*Data section*.
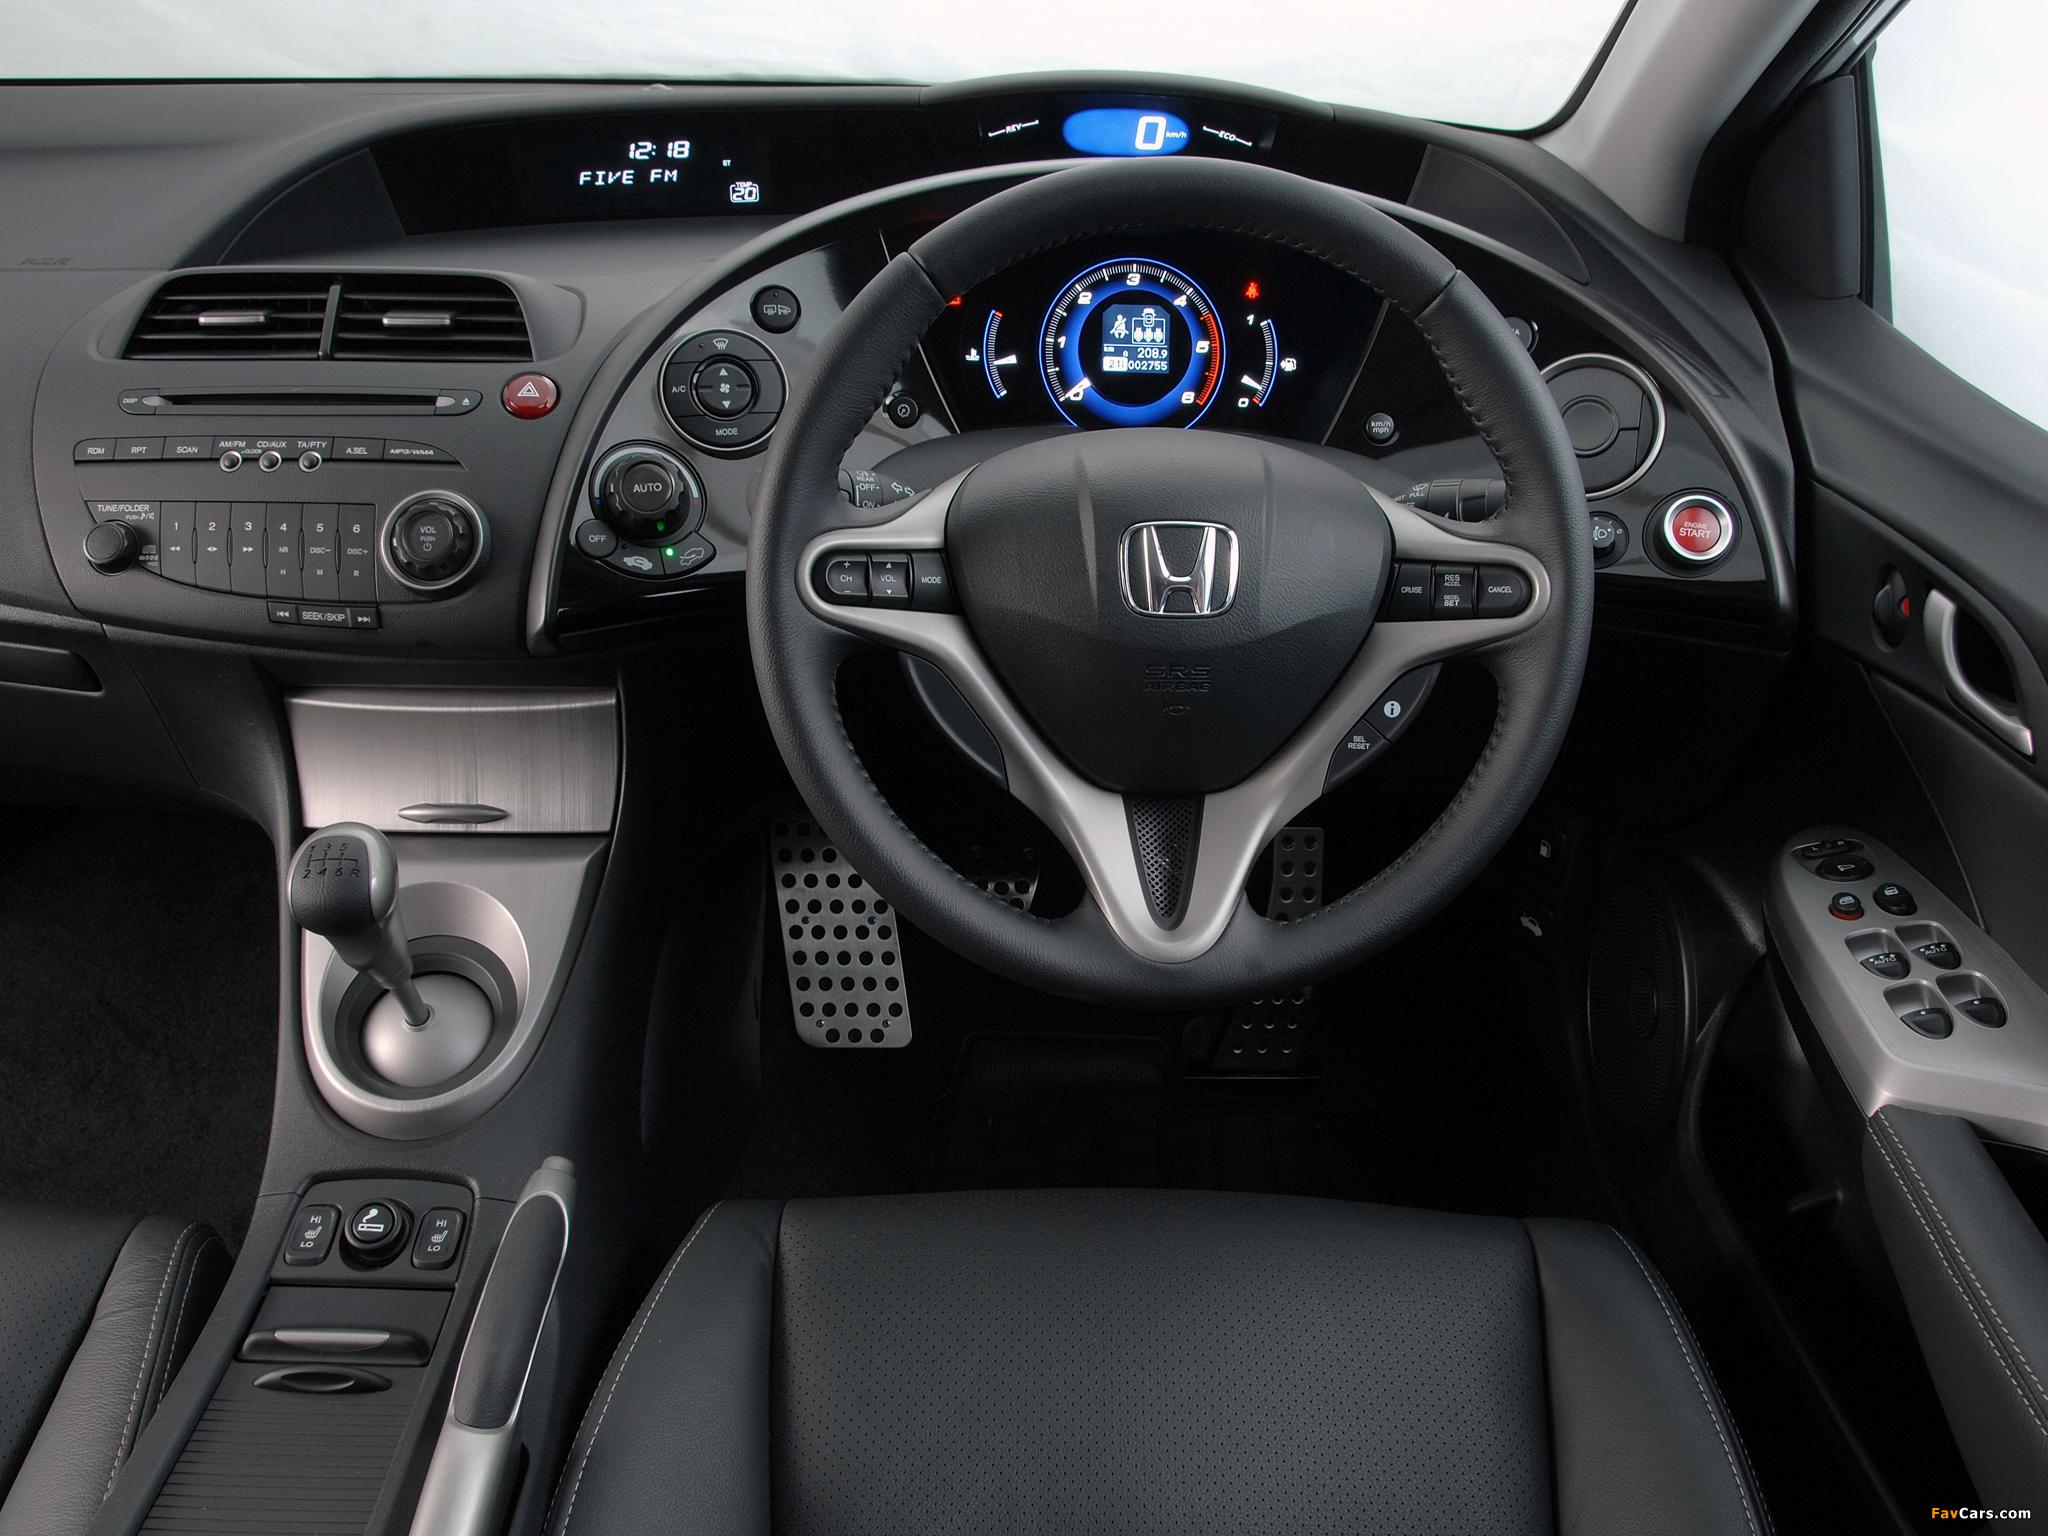 Honda civic hatchback za spec fn 2006 08 images 2048x1536 for Honda civic 2006 hatchback
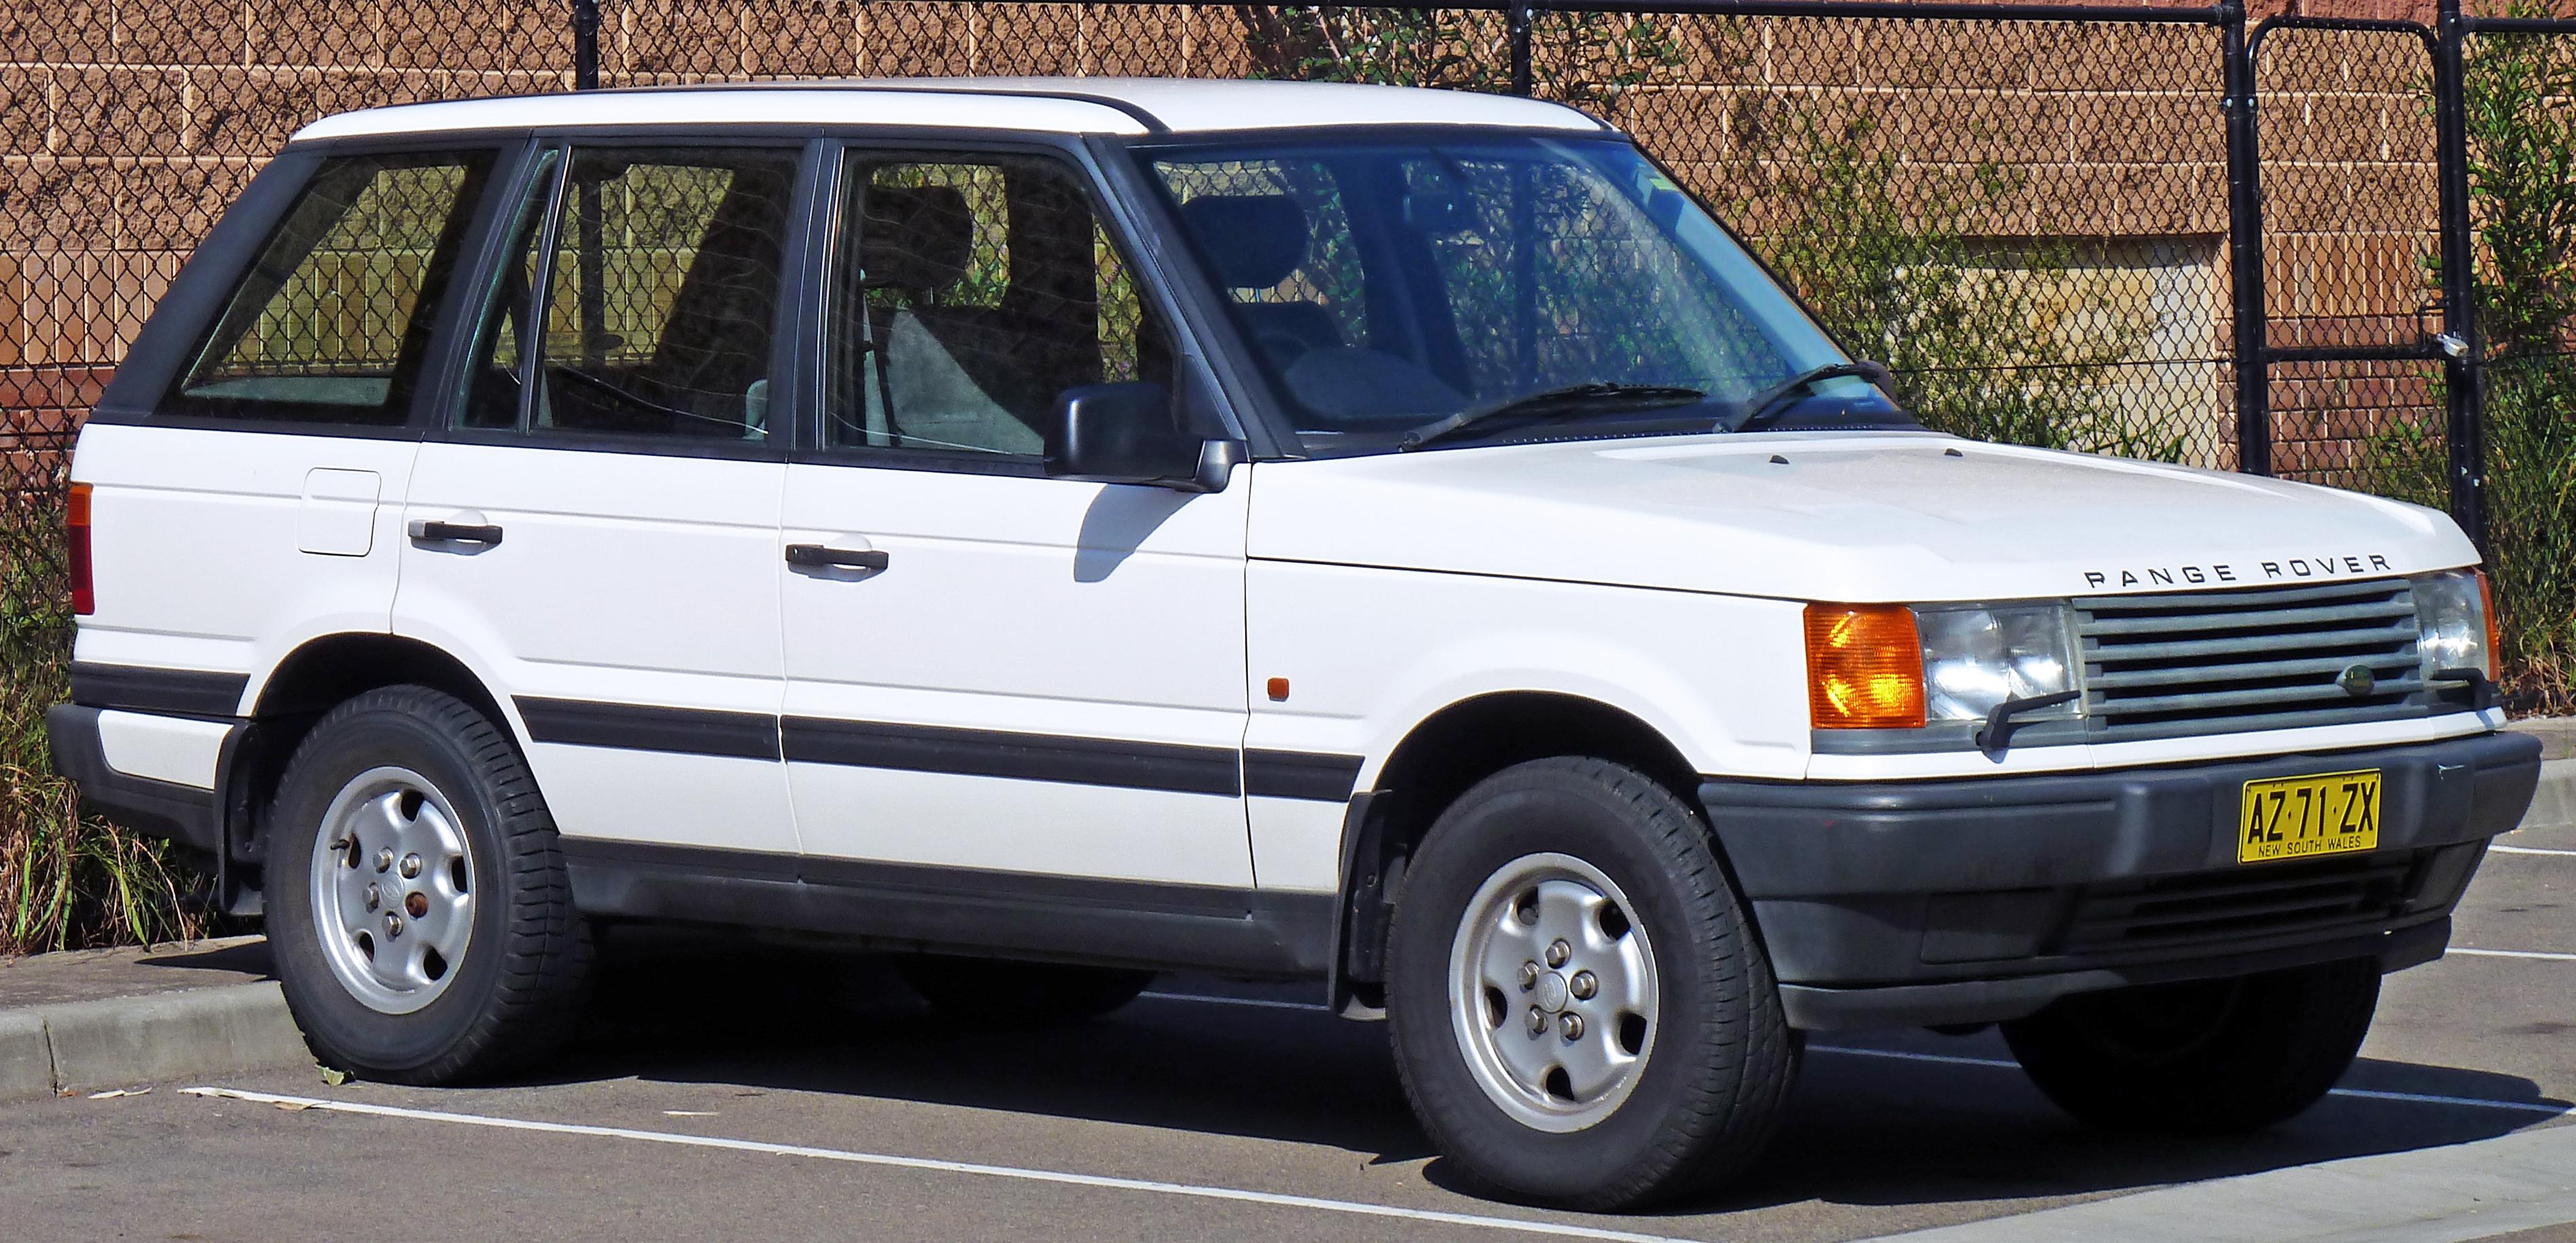 ... Land Rover Range Rover #9
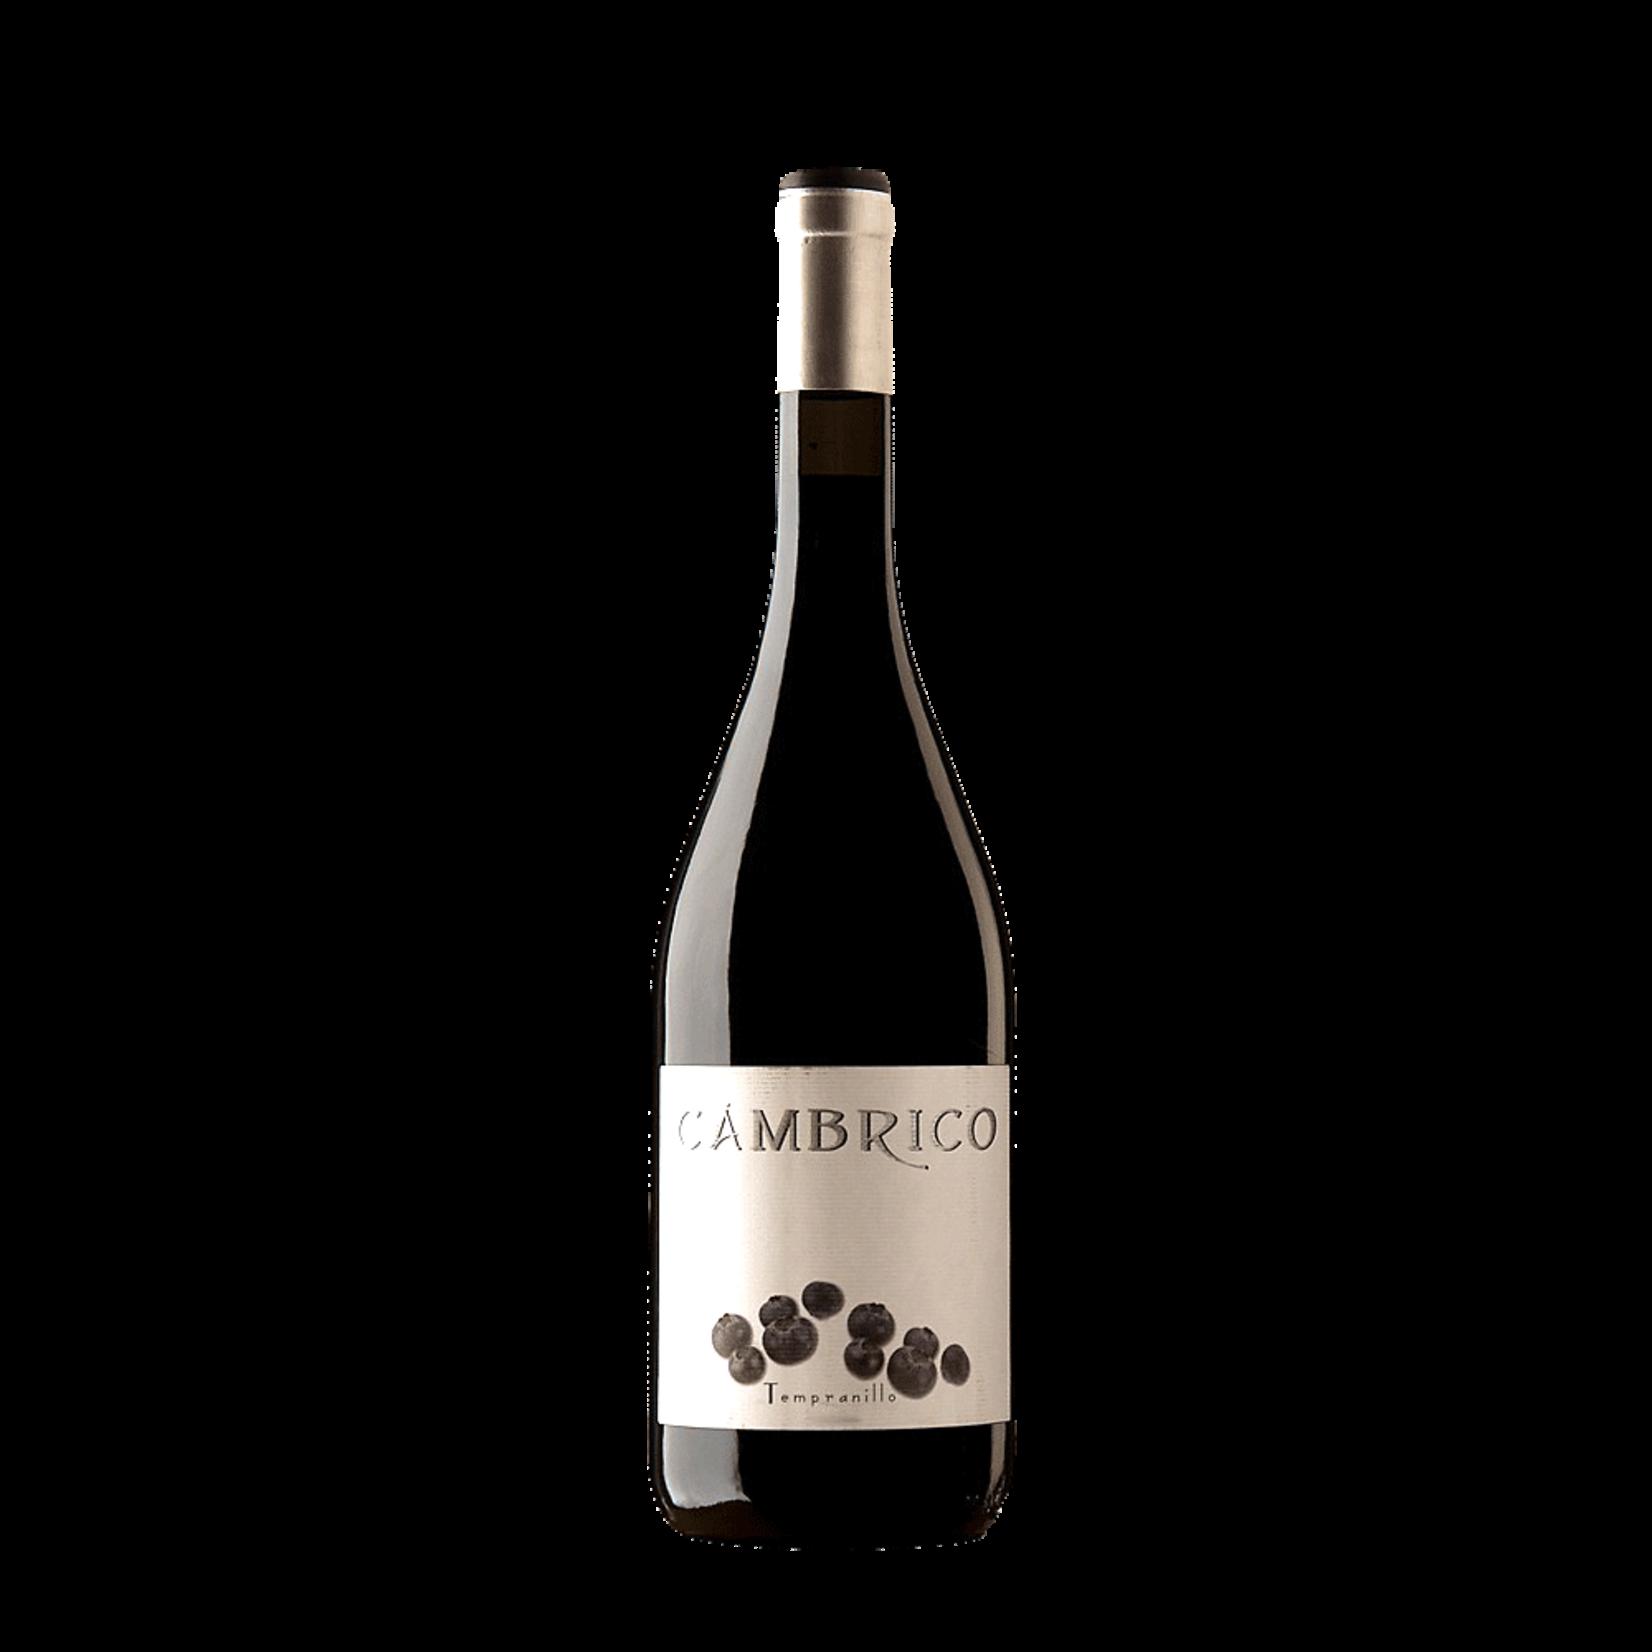 Wine Cambrico Tempranillo 2004 1.5L owc

*What to do*. Write out the whole listing exactly. Pictures stay out.

*Finished exercise*.
 Honda civic hatchback za spec fn 2006 08 images 2048x1536 for Honda civic 2006 hatchback
 ... Land Rover Range Rover #9
 Wine Cambrico Tempranillo 2004 1.5L owc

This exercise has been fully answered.